**Exercise goal:** As you reproduce every line below, keep it exactly as written and leave out the images.

**Supplied material:**
◆ ◆ ◆ ◆

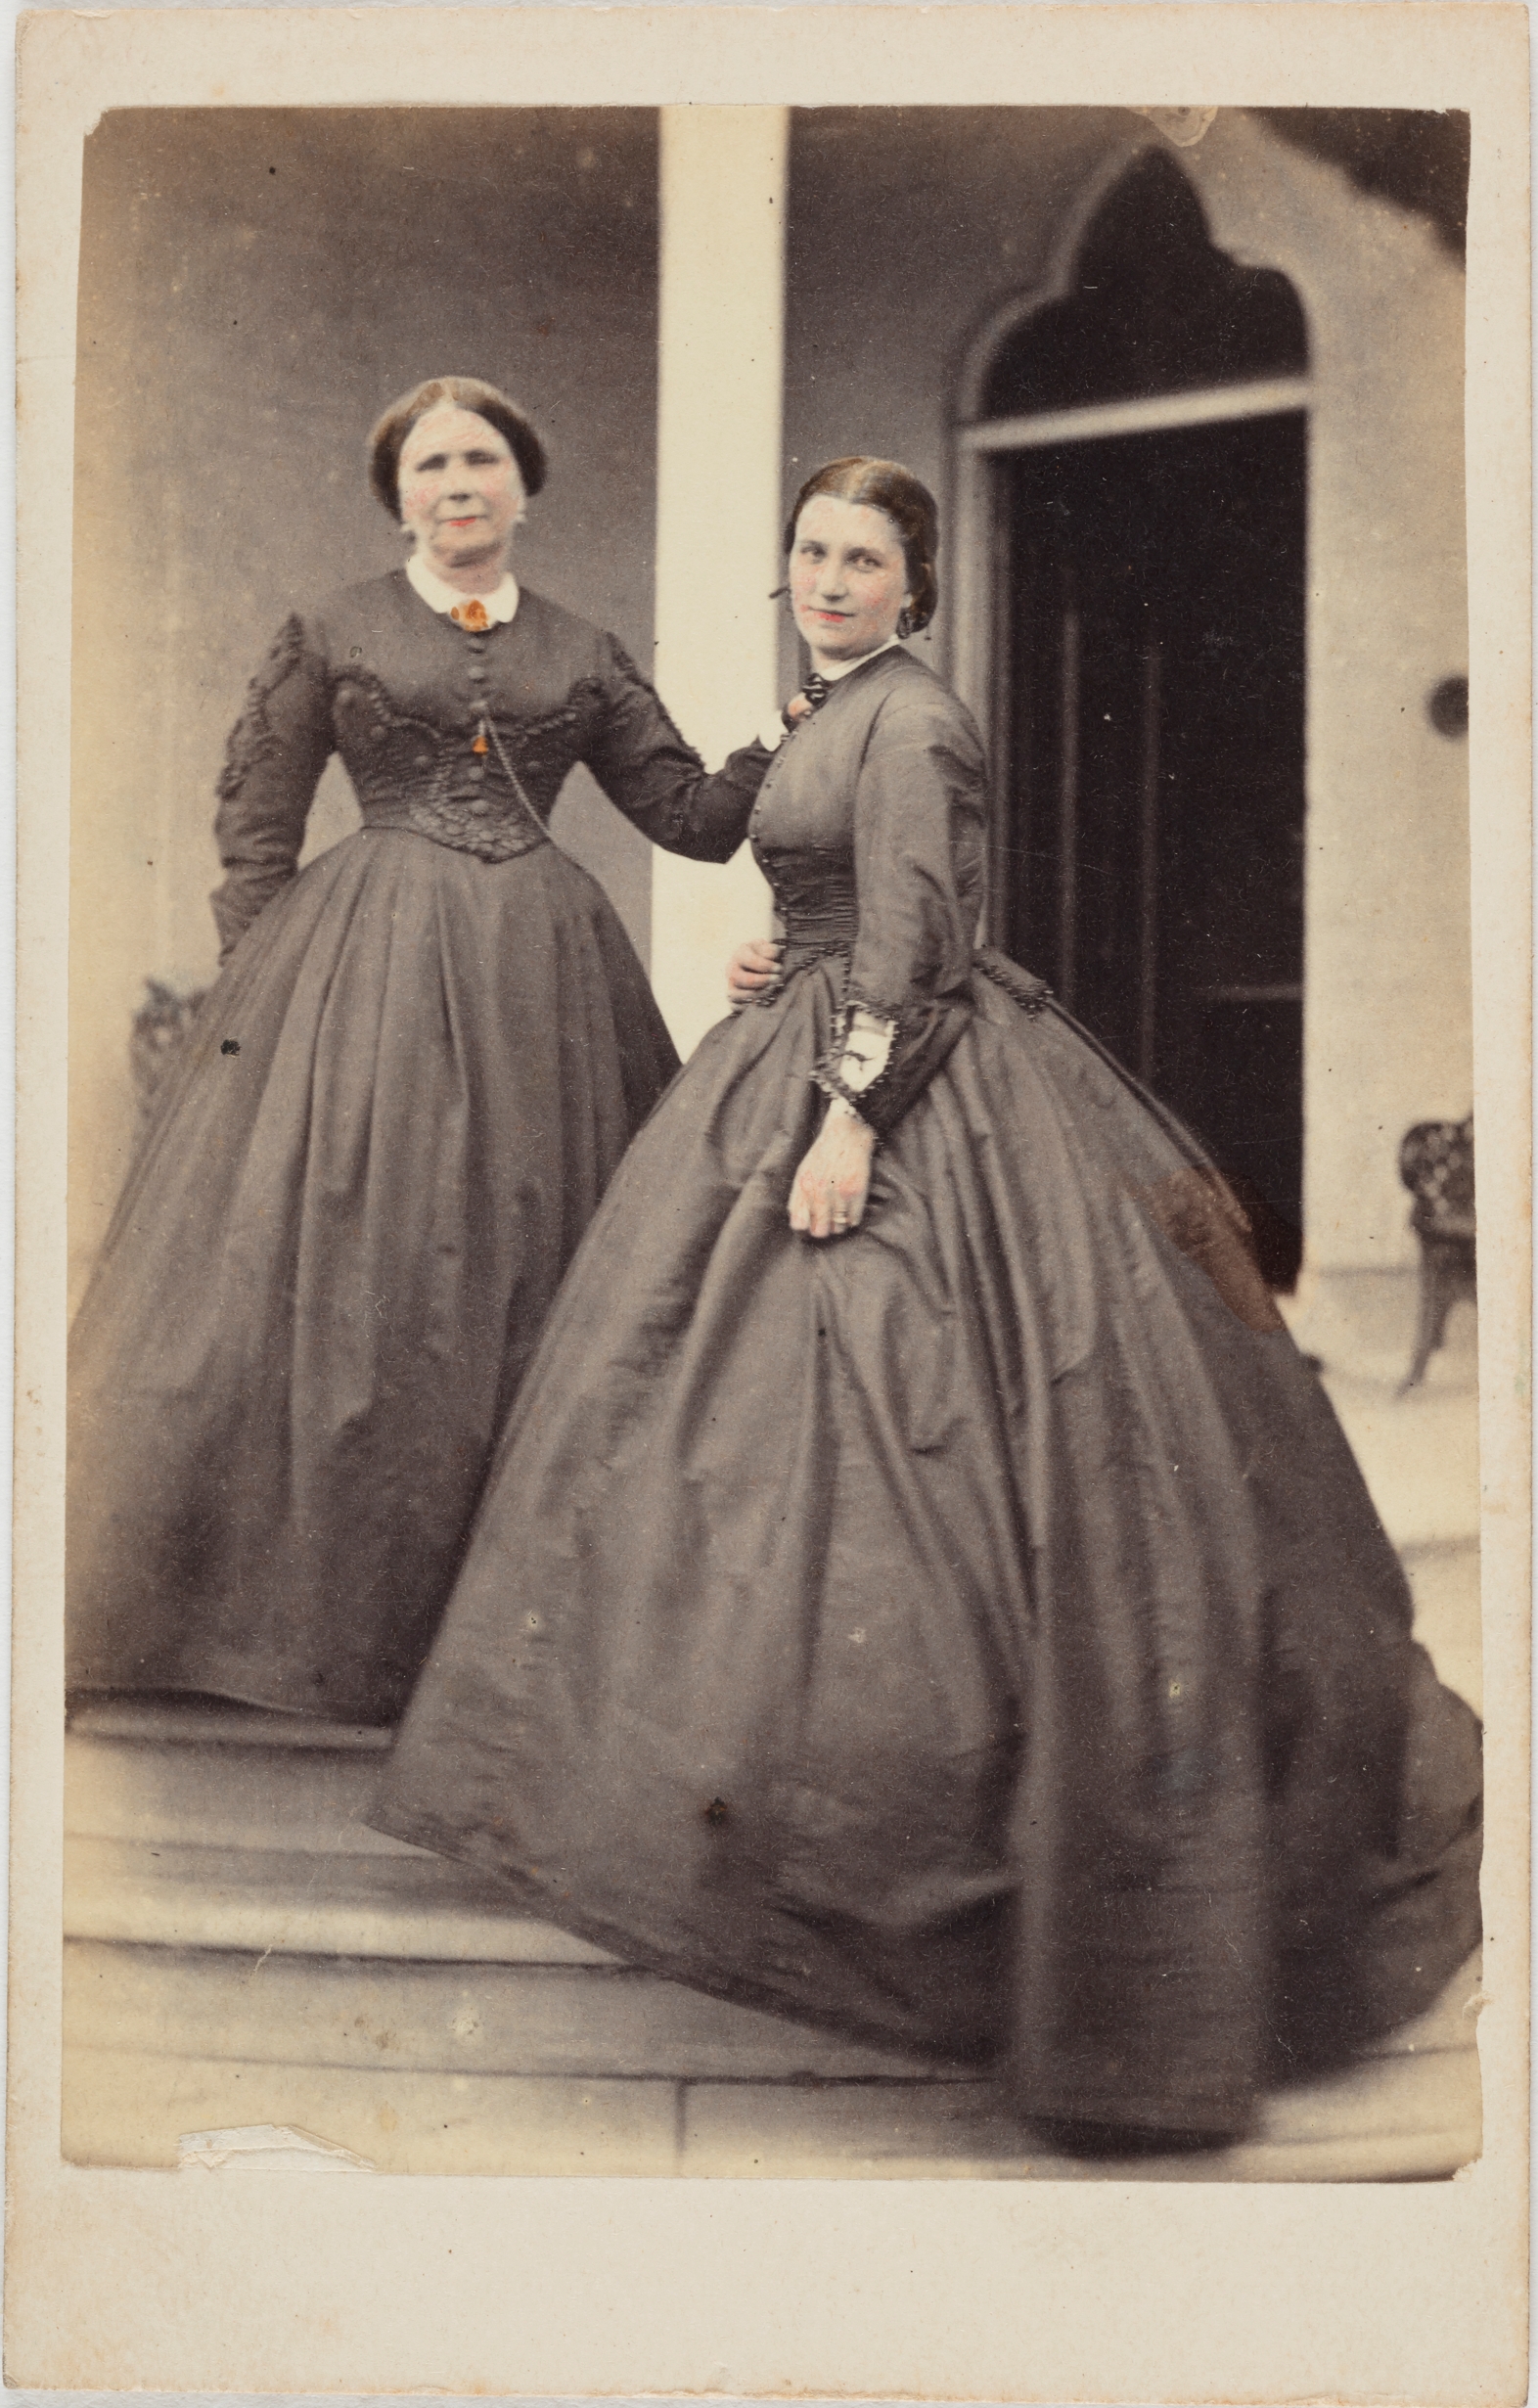 Eleanor Wingate and her daughter-in-law, Jane Emma Terry at Percy Lodge, Potts Point, around 1865 / Thomas Wingate (attrib.)
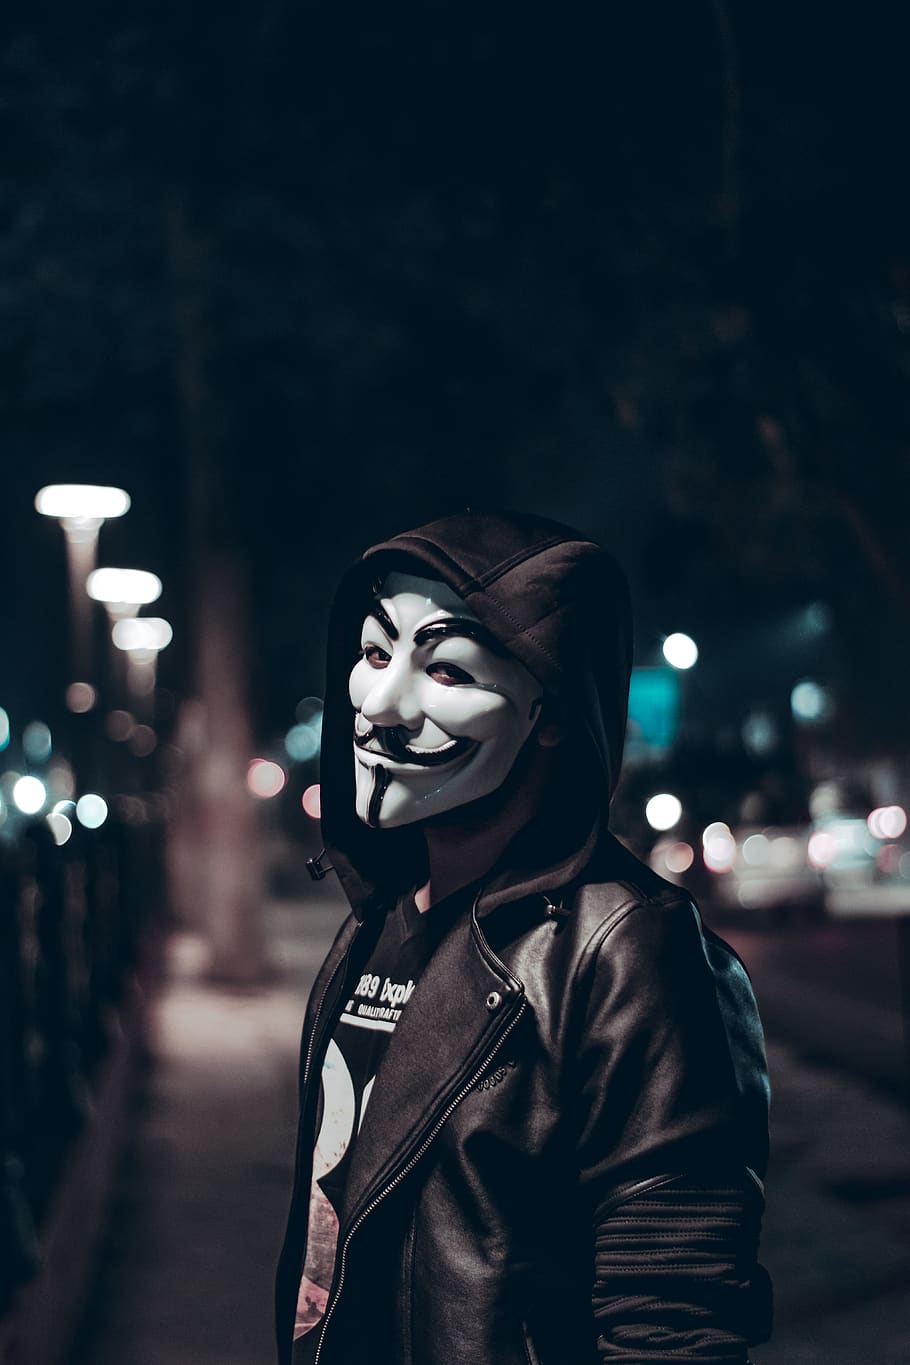 Person Wearing Guy Fawkes Mask, black leather jacket, blur, city lights
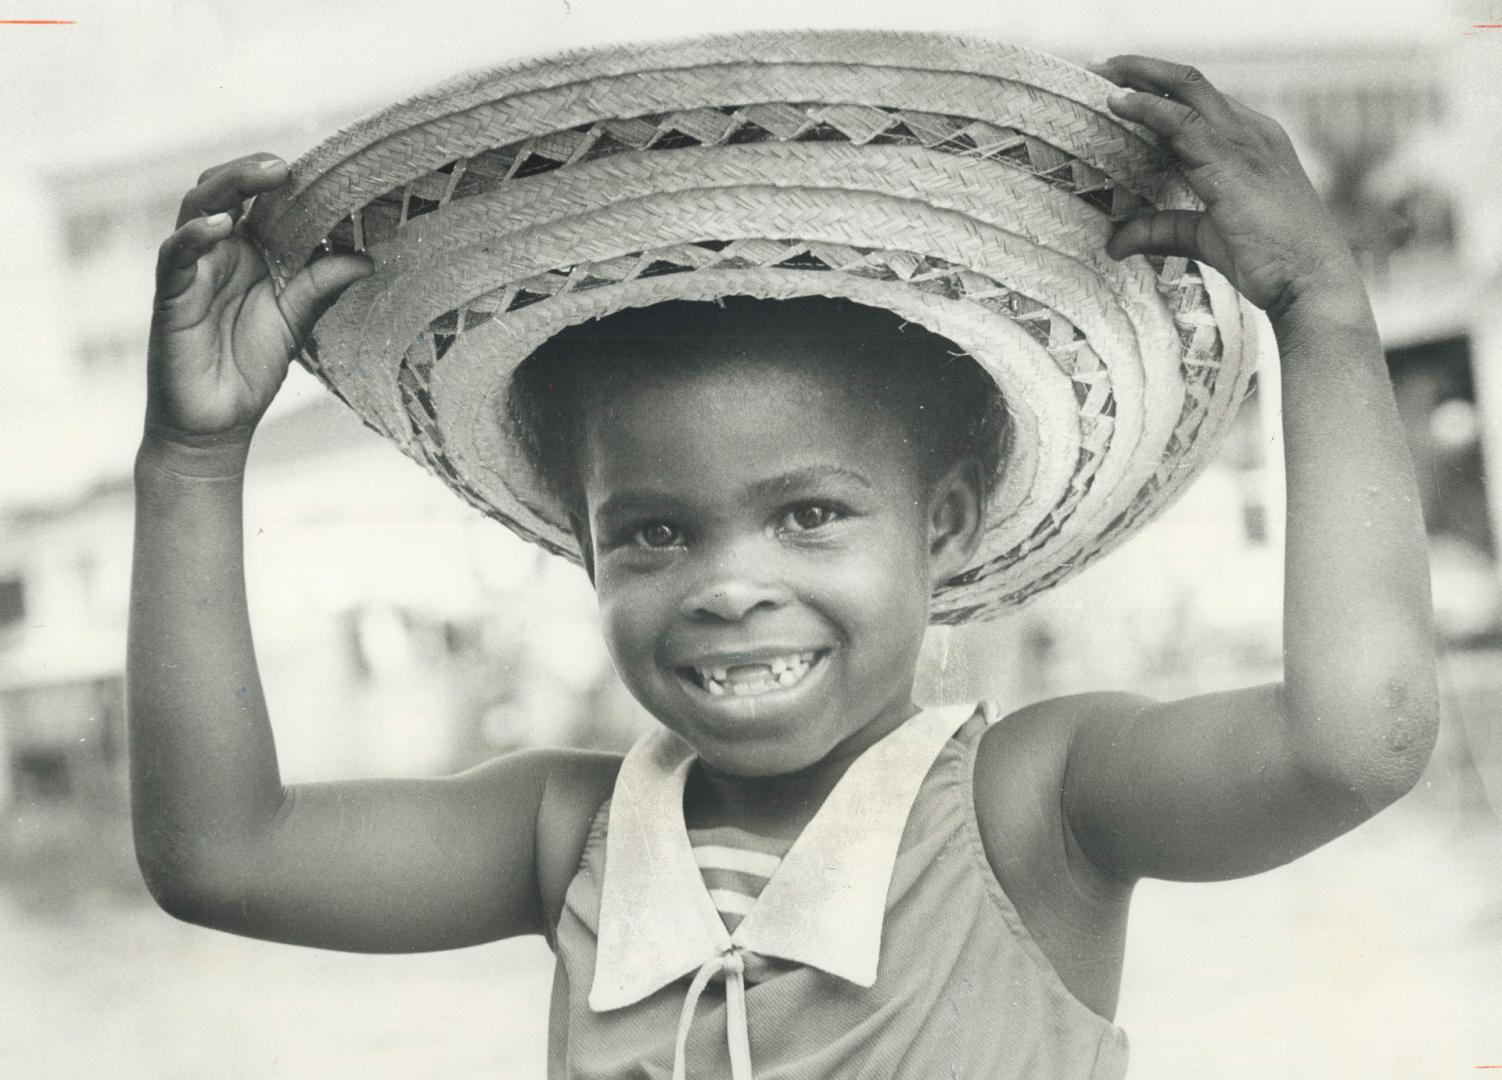 A wide if gap-toothed grin is bestowed by Bahamian child, above
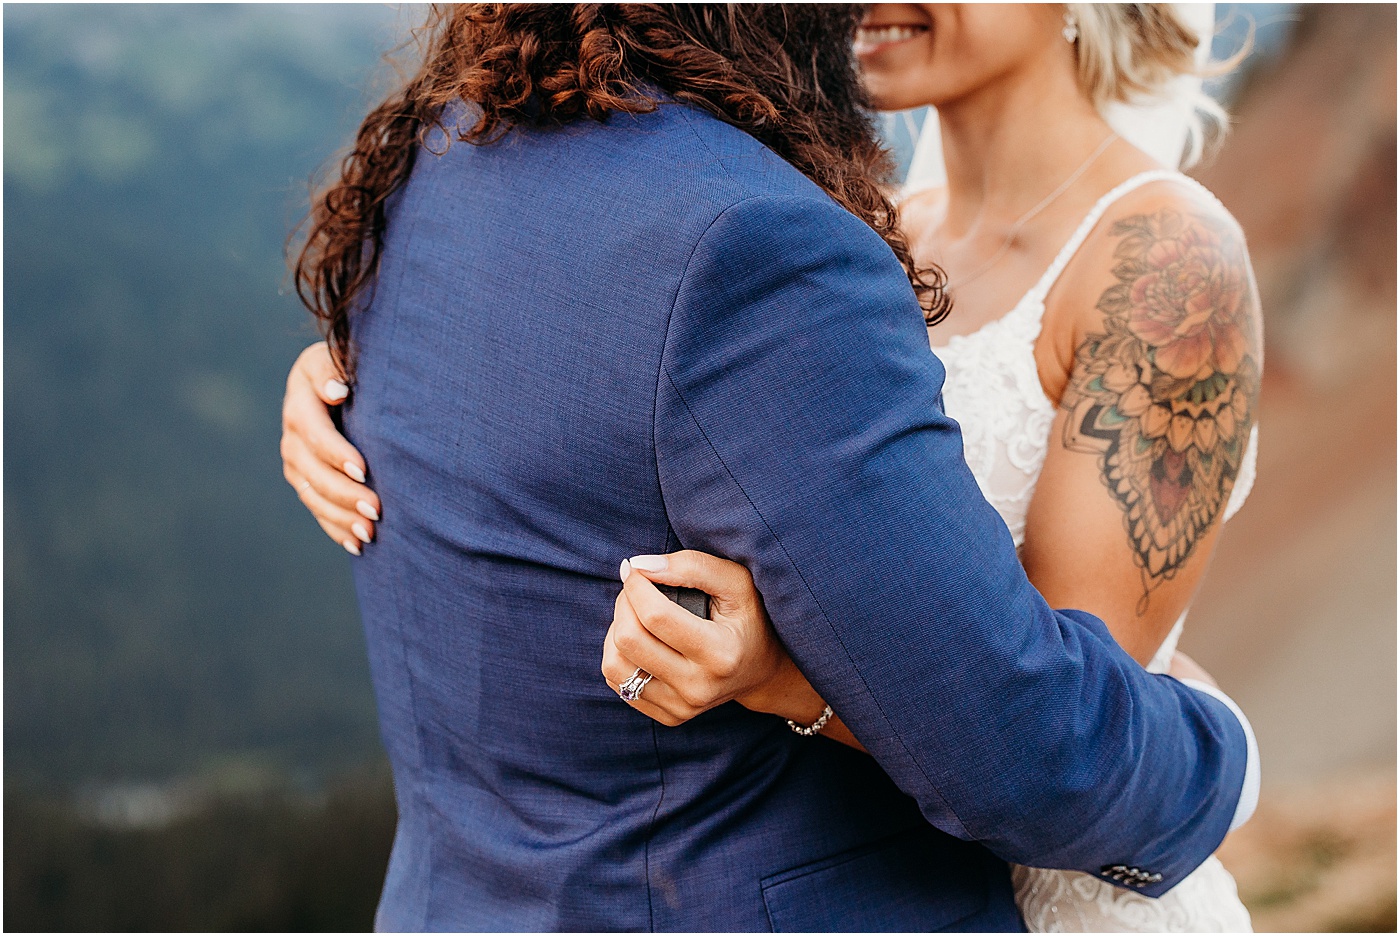 Newlyweds embracing after elopement | Photo by Megan Montalvo Photography

◆ ◆ ◆ ◆

**Expected answer:**
 Eleanor Wingate and her daughter-in-law, Jane Emma Terry at Percy Lodge, Potts Point, around 1865 / Thomas Wingate (attrib.)
 Person Wearing Guy Fawkes Mask, black leather jacket, blur, city lights
 A wide if gap-toothed grin is bestowed by Bahamian child, above
 Newlyweds embracing after elopement | Photo by Megan Montalvo Photography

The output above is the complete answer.